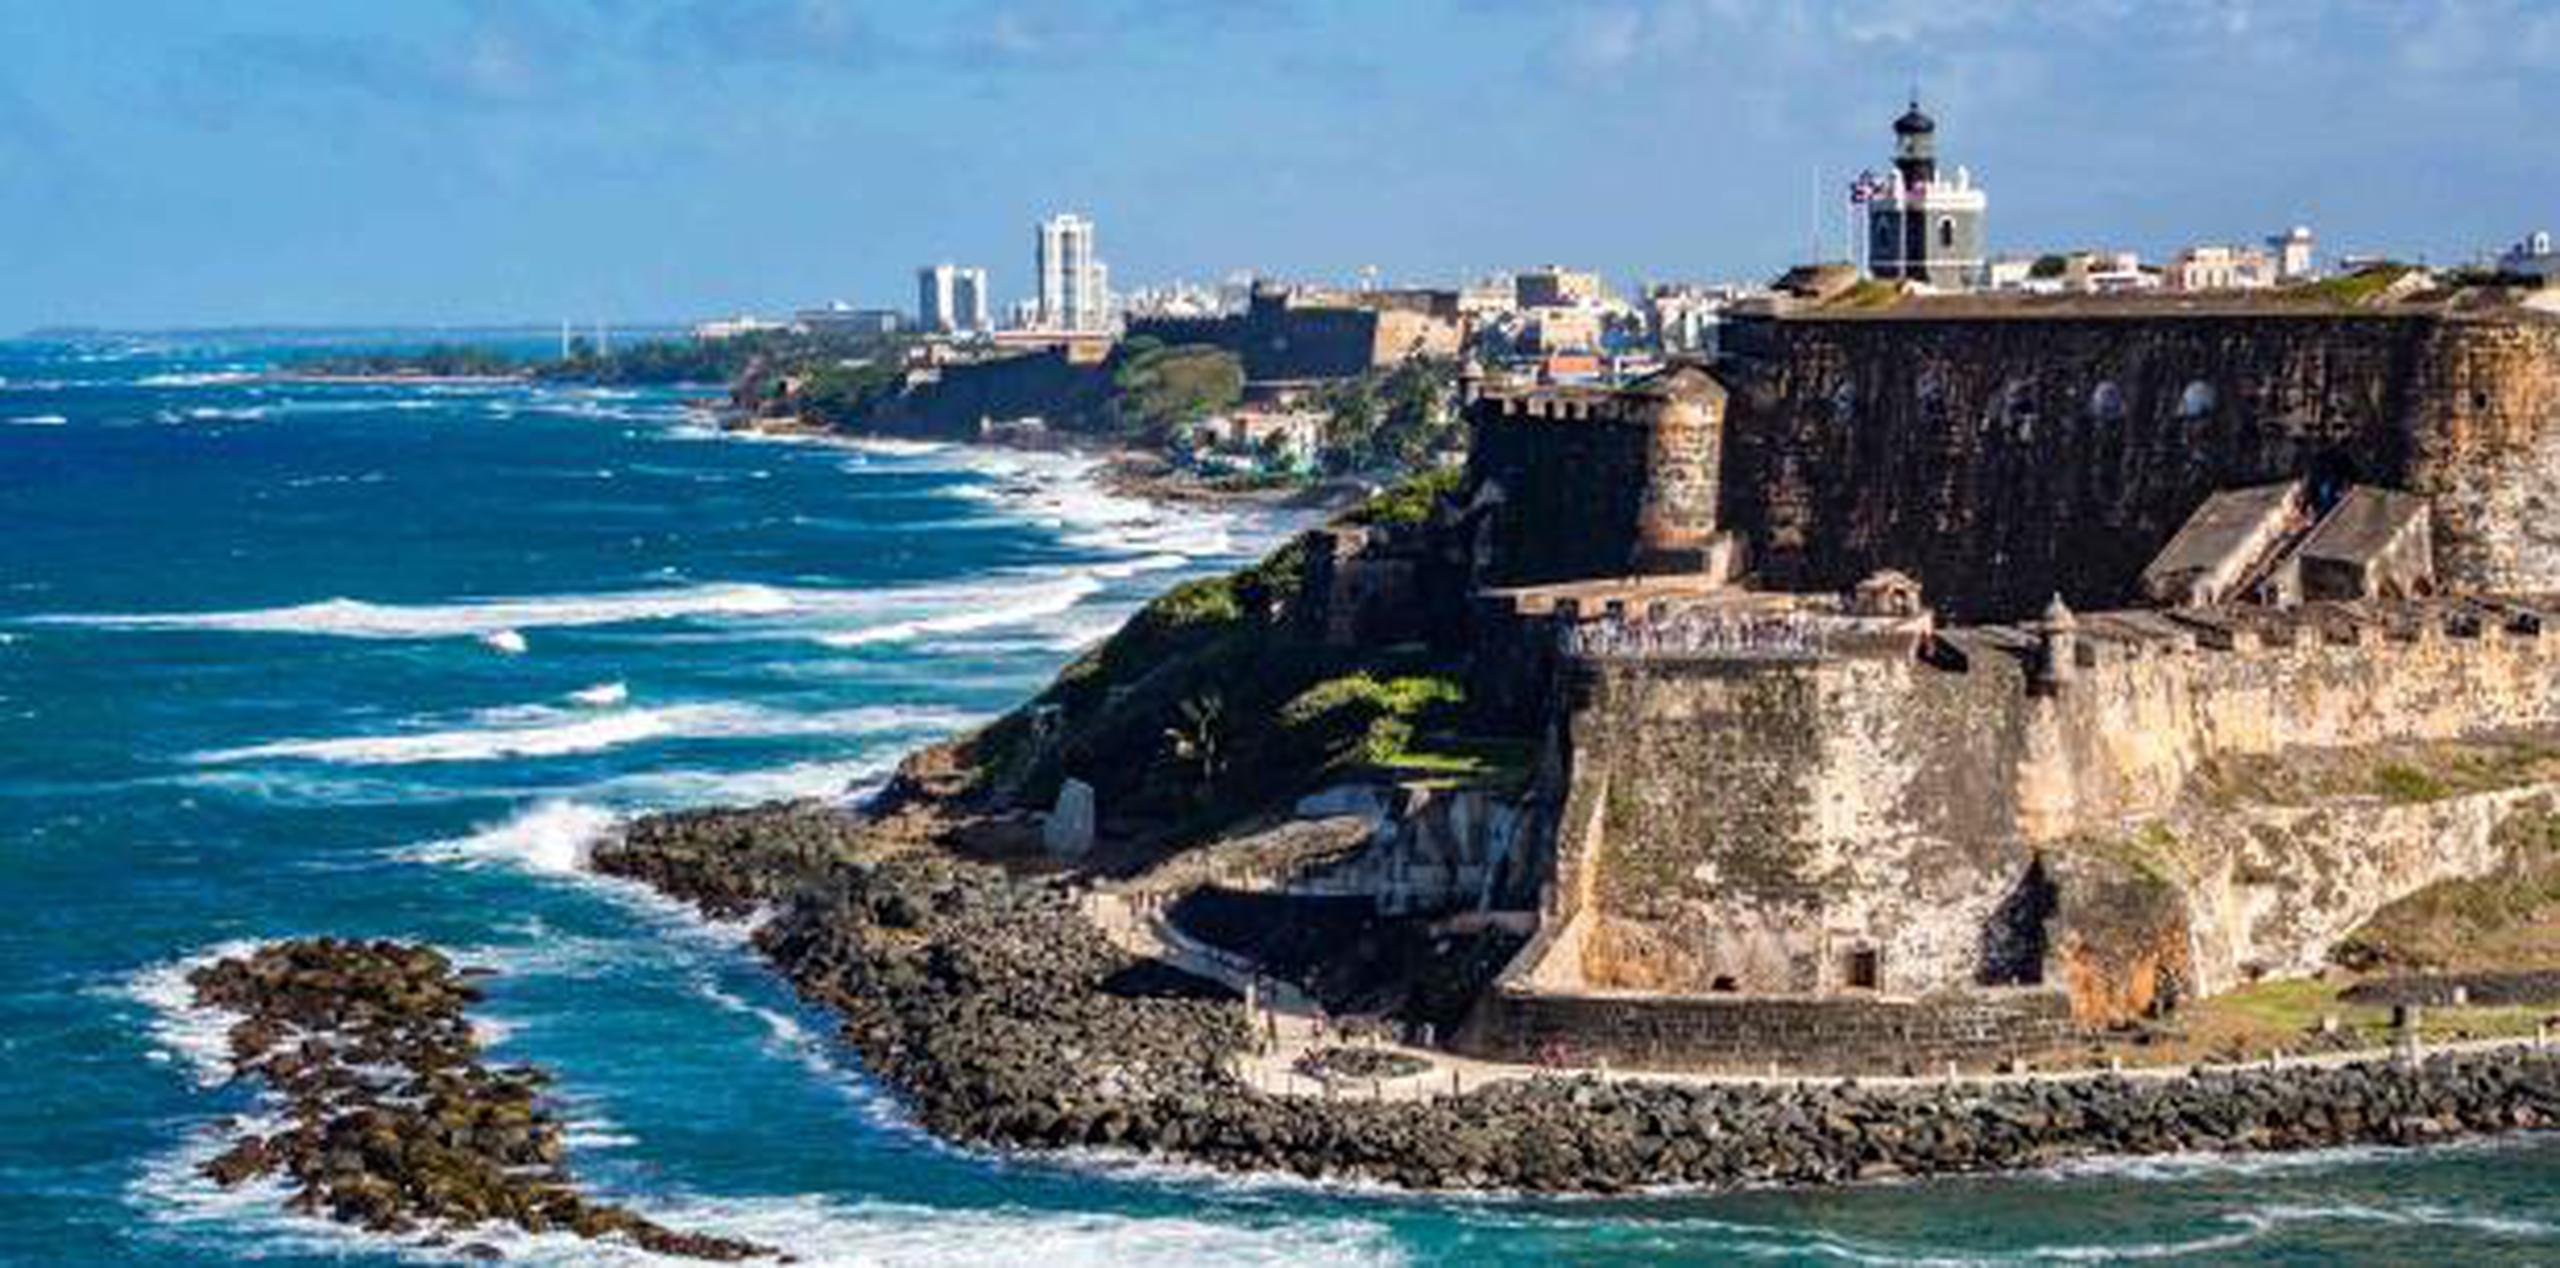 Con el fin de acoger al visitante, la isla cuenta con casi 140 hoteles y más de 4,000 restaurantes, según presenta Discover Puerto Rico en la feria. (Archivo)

________________________

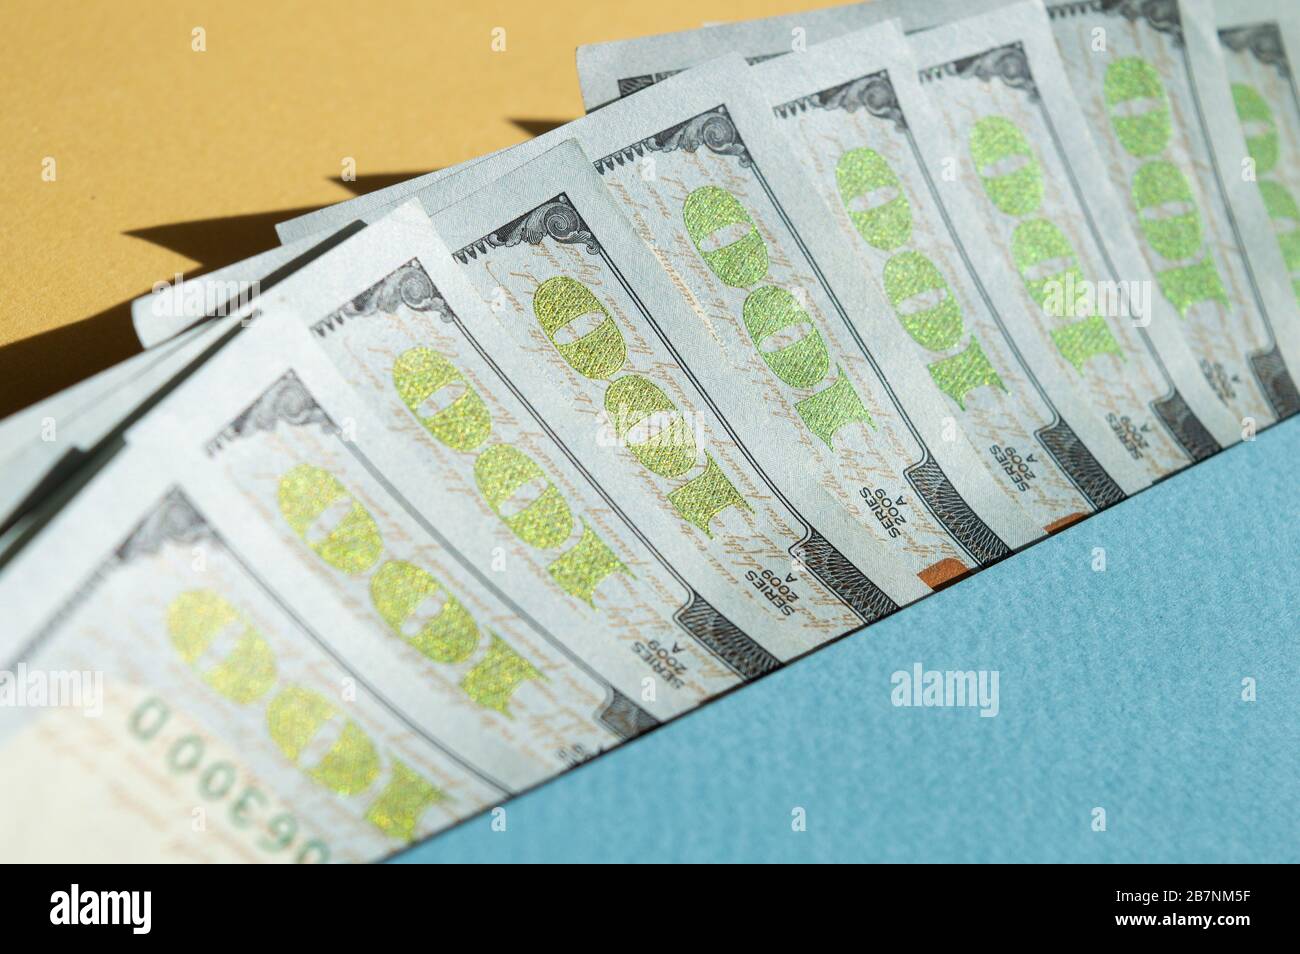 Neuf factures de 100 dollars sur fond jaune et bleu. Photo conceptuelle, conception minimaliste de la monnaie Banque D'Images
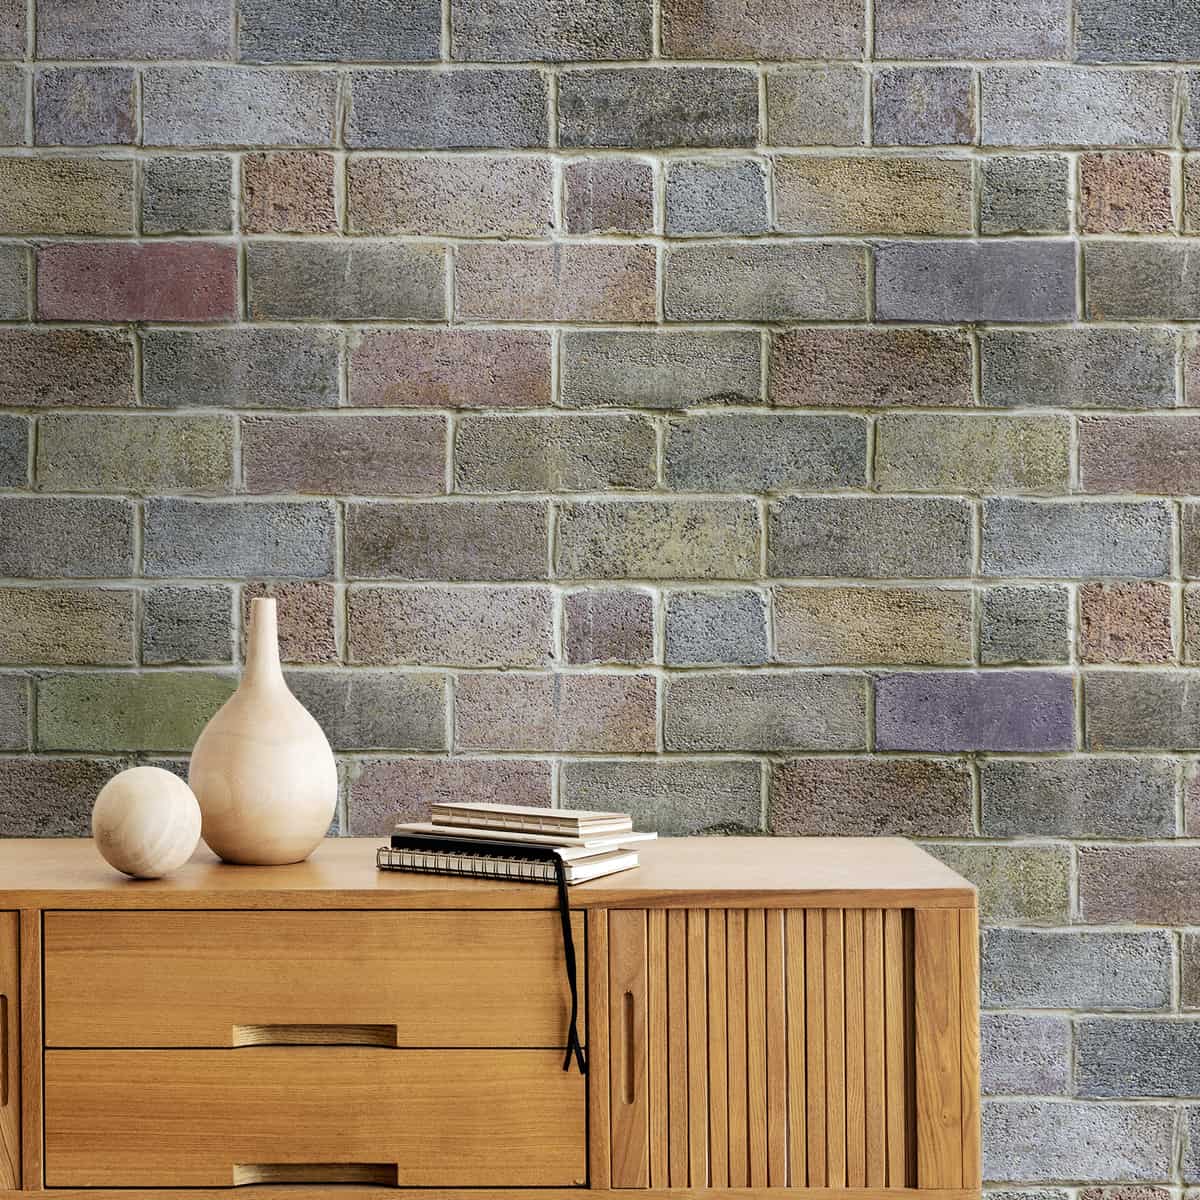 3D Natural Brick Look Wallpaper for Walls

________________________

## [Exercise prompt]
Word for word, retype the lines in the entries above that run from the one with "Neuf factures de" through the one with "3D Natural Brick Look Wallpaper for Walls". Both ends count; pictures do not.

## [Solution for this problem]
 Neuf factures de 100 dollars sur fond jaune et bleu. Photo conceptuelle, conception minimaliste de la monnaie Banque D'Images
 3D Natural Brick Look Wallpaper for Walls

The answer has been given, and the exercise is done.